To start off visit this link to get vault installed on your machines. Once that is done, we can move on to setting up SSH OTP.
First, start up a vault server with the command “vault server -dev” (you may need to use the command “export VAULT_ADDR=’http://127.0.0.1:8200’” to go any further.
Now that you have a vault server running, lets enable the SSH secrets management with the command “vault secrets enable ssh”
Now that the secrets engine is running, it is time to create a role. Do so by typing out the command below:
vault write ssh/roles/otp_key_role \ key_type=otp \ default_user=username \ chdir_list=x.x.x.x/y,m.m.m.m/n
In this particular case, I used a test account named “username” and I set the cidr_list to “0.0.0.0” to include all hosts.

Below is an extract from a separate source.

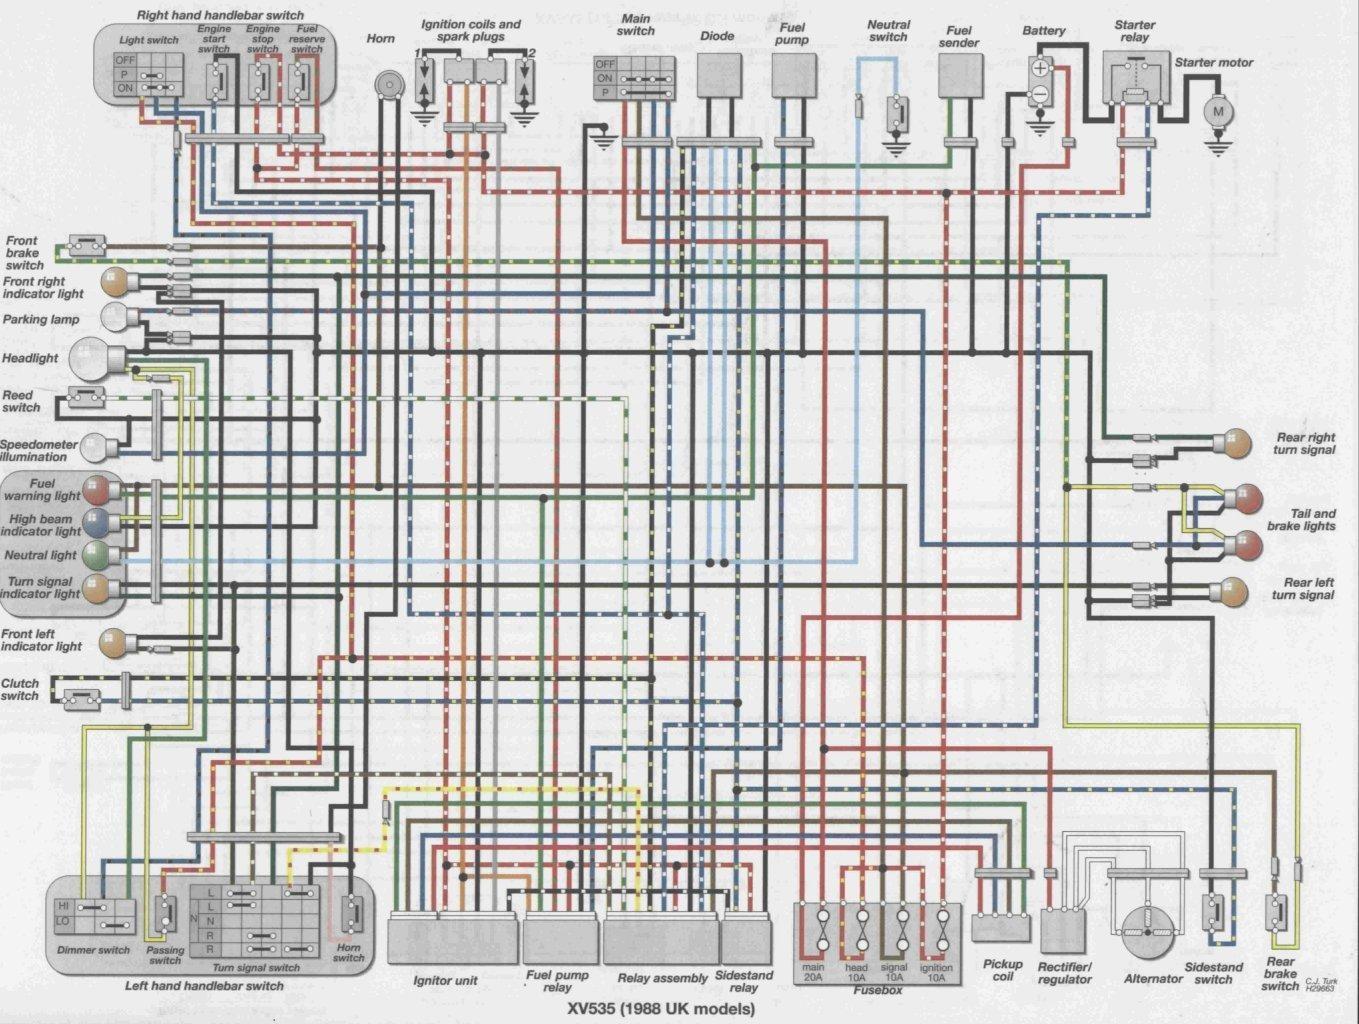 88-uk-xv535 Xs Wiring Diagram on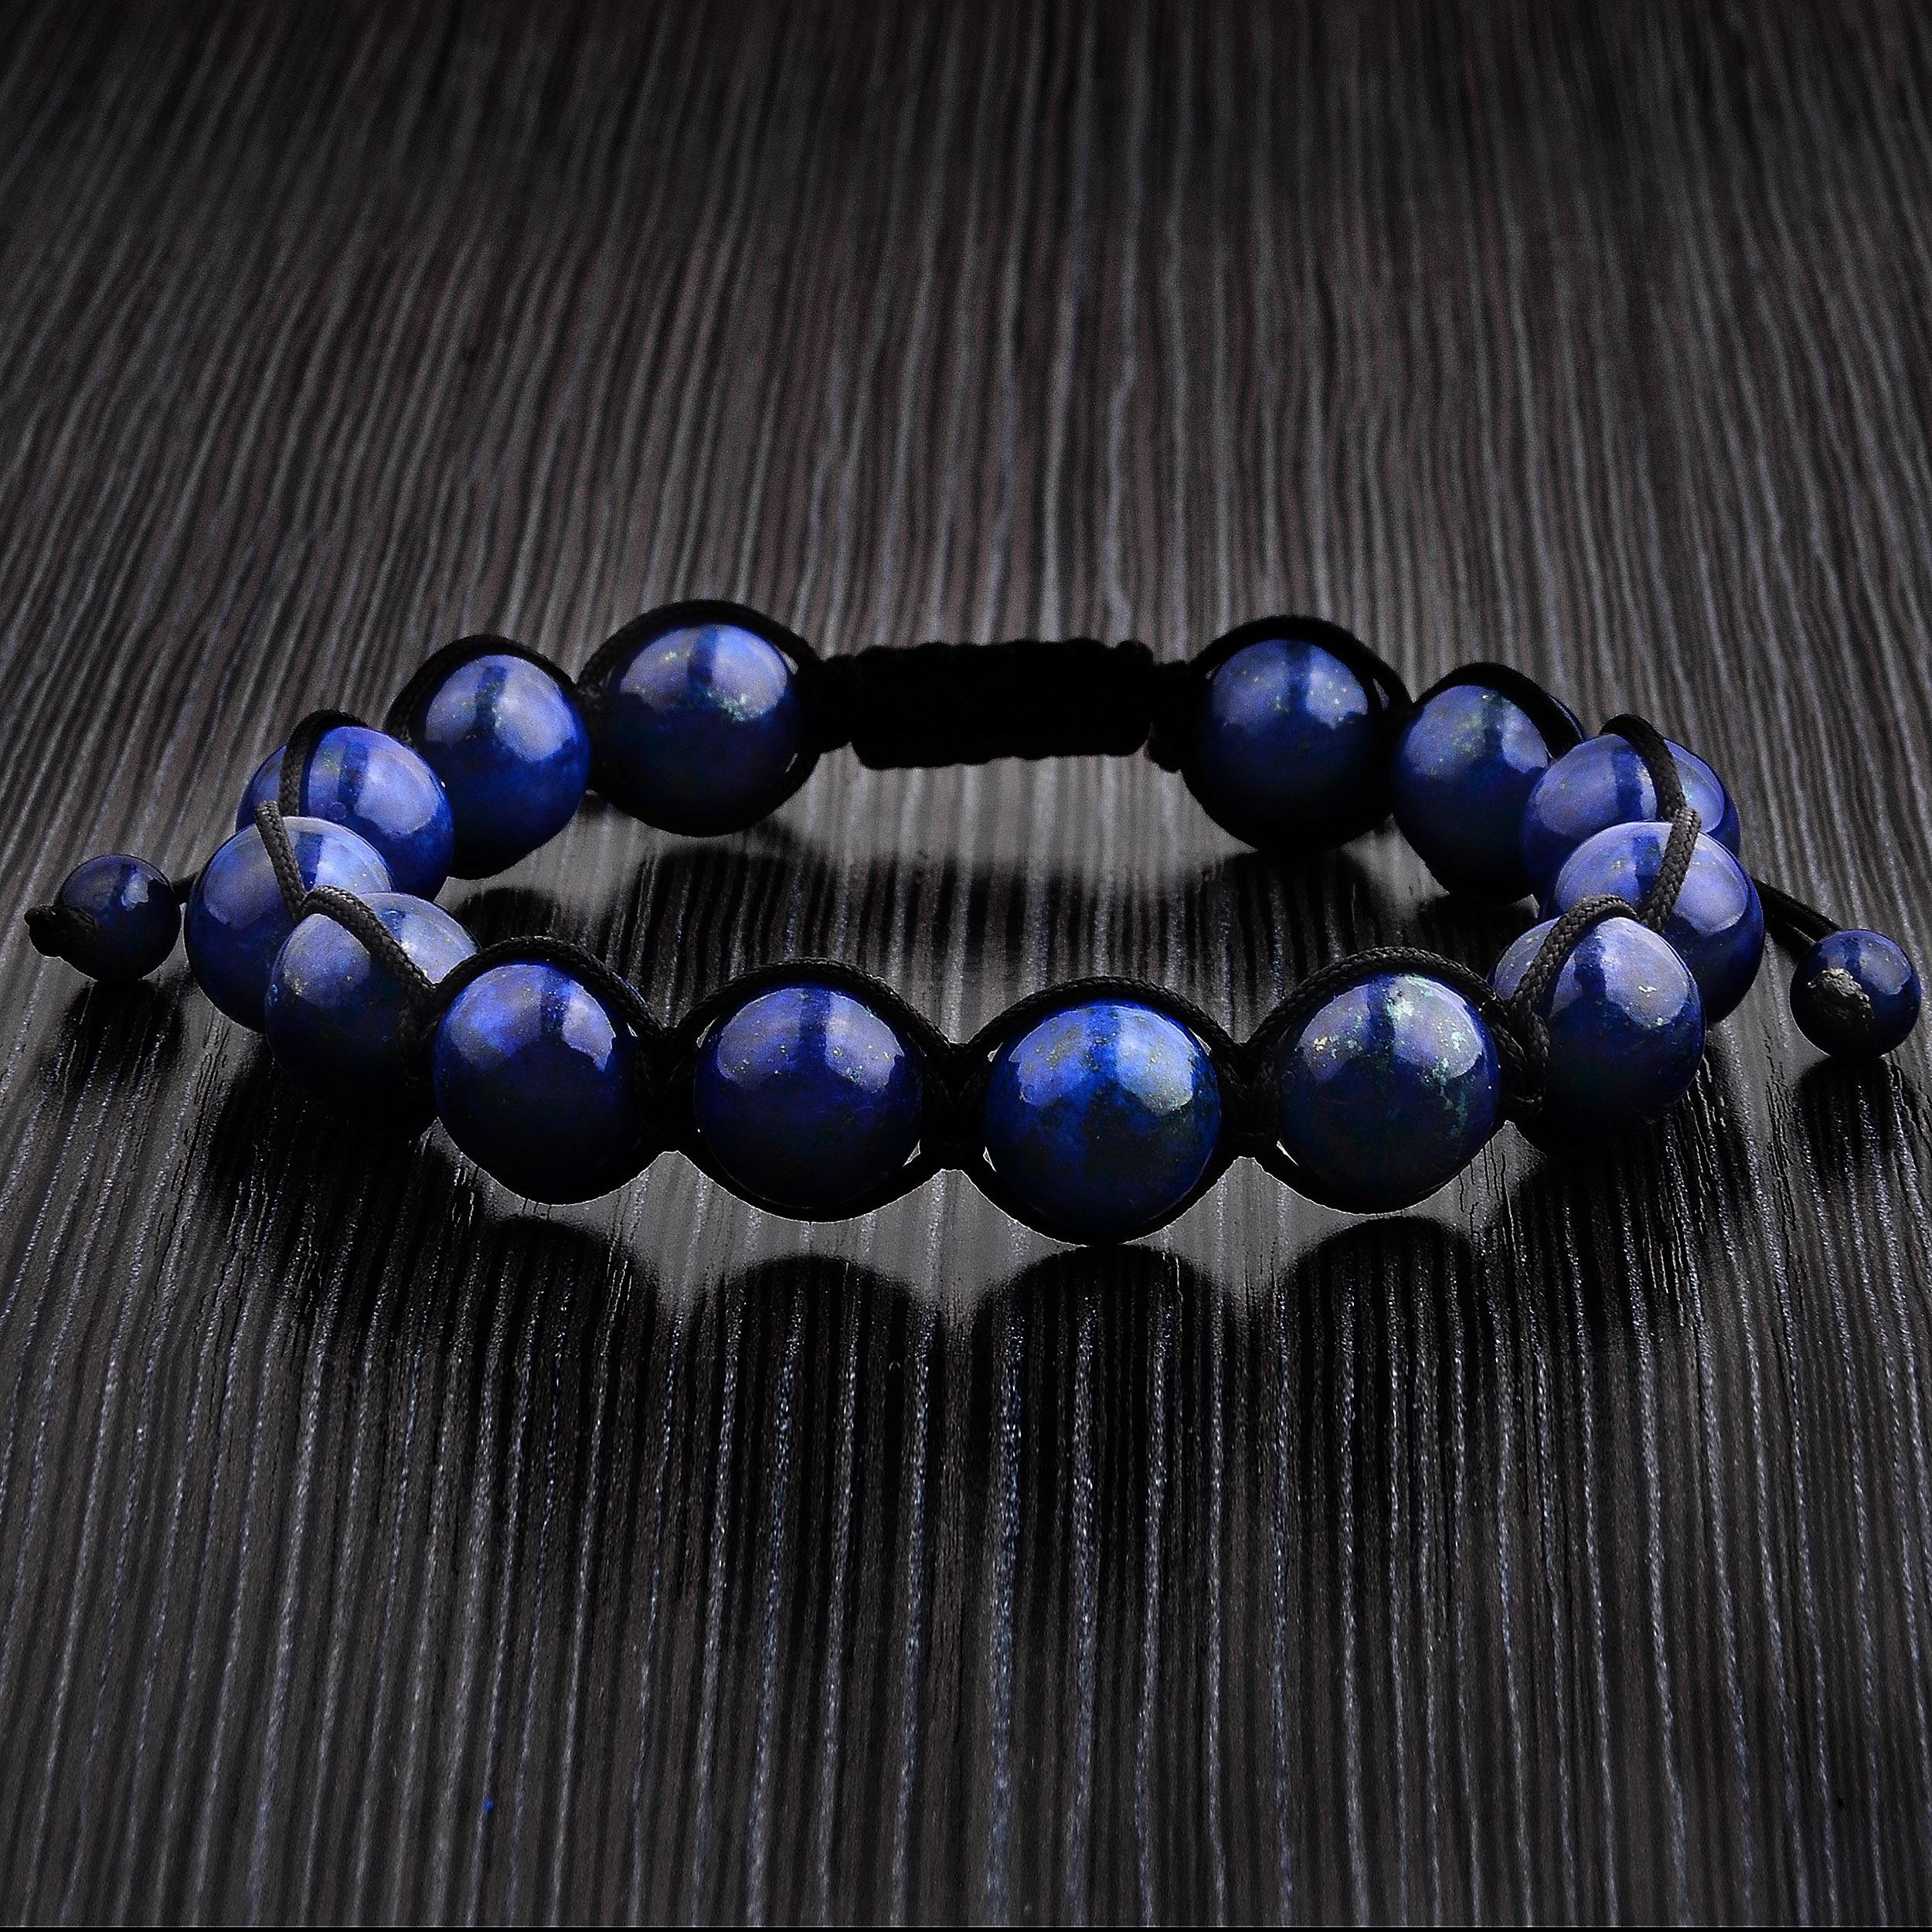 Lapis Lazuli Bracelet 10 mm Lazurite Bracelet Stretch Cord  Lazurite  Beaded Bracelet Natural Mineral Bracelet Gift For Her Blue Bracelet

In a production environment you will want to use a much more restricted list.
Now that we have the vault server setup, we need to configure the sshd configuration on our remote host. To do this, we need to install the Vault SSH helper script on the machine which can be found here. Once the helper is installed, we need to configure PAM in /etc/pam.d/sshd to reflect the following:
#@include common-auth auth requisite pam_exec.so quiet expose_authtok log=/tmp/vaultssh.log /usr/local/bin/vault-ssh-helper -config=/etc/vault-ssh-helper.d/config.hcl auth optional pam_unix.so not_set_pass use_first_pass nodelay
And the “/etc/ssh/sshd_config” file needs to be edited to reflect the previous changes and disable password authentication:
ChallengeResponseAuthentication yes UsePAM yes PasswordAuthentication no
Now that the Vault server is ready and the SSH server is setup to use Vault OTP, lets create a credential with the command “vault write ssh/creds/opt_key_role ip=x.x.x.x” that we can use to login! In this case, the output from the command labeled “key” is the OTP.
Just copy and paste that key into the password prompt and BOOM, you’re in! To make this even easier for your users, you can create a bash file named “vault-ssh” that executes the following command (you’d need to pass the username and IP address to the bash script as well as install sshpass):
vault ssh -role otp_key_role -mode otp -strict-host-key-checking=no email@example.com
That way all users will be able to easily use the service without needing to know all the behind the scenes work. If it’s not easy, people won’t spend the extra time to do it and security goes out the window. Now just sit back and relax as your network’s SSH communication is the most secure it’s ever been!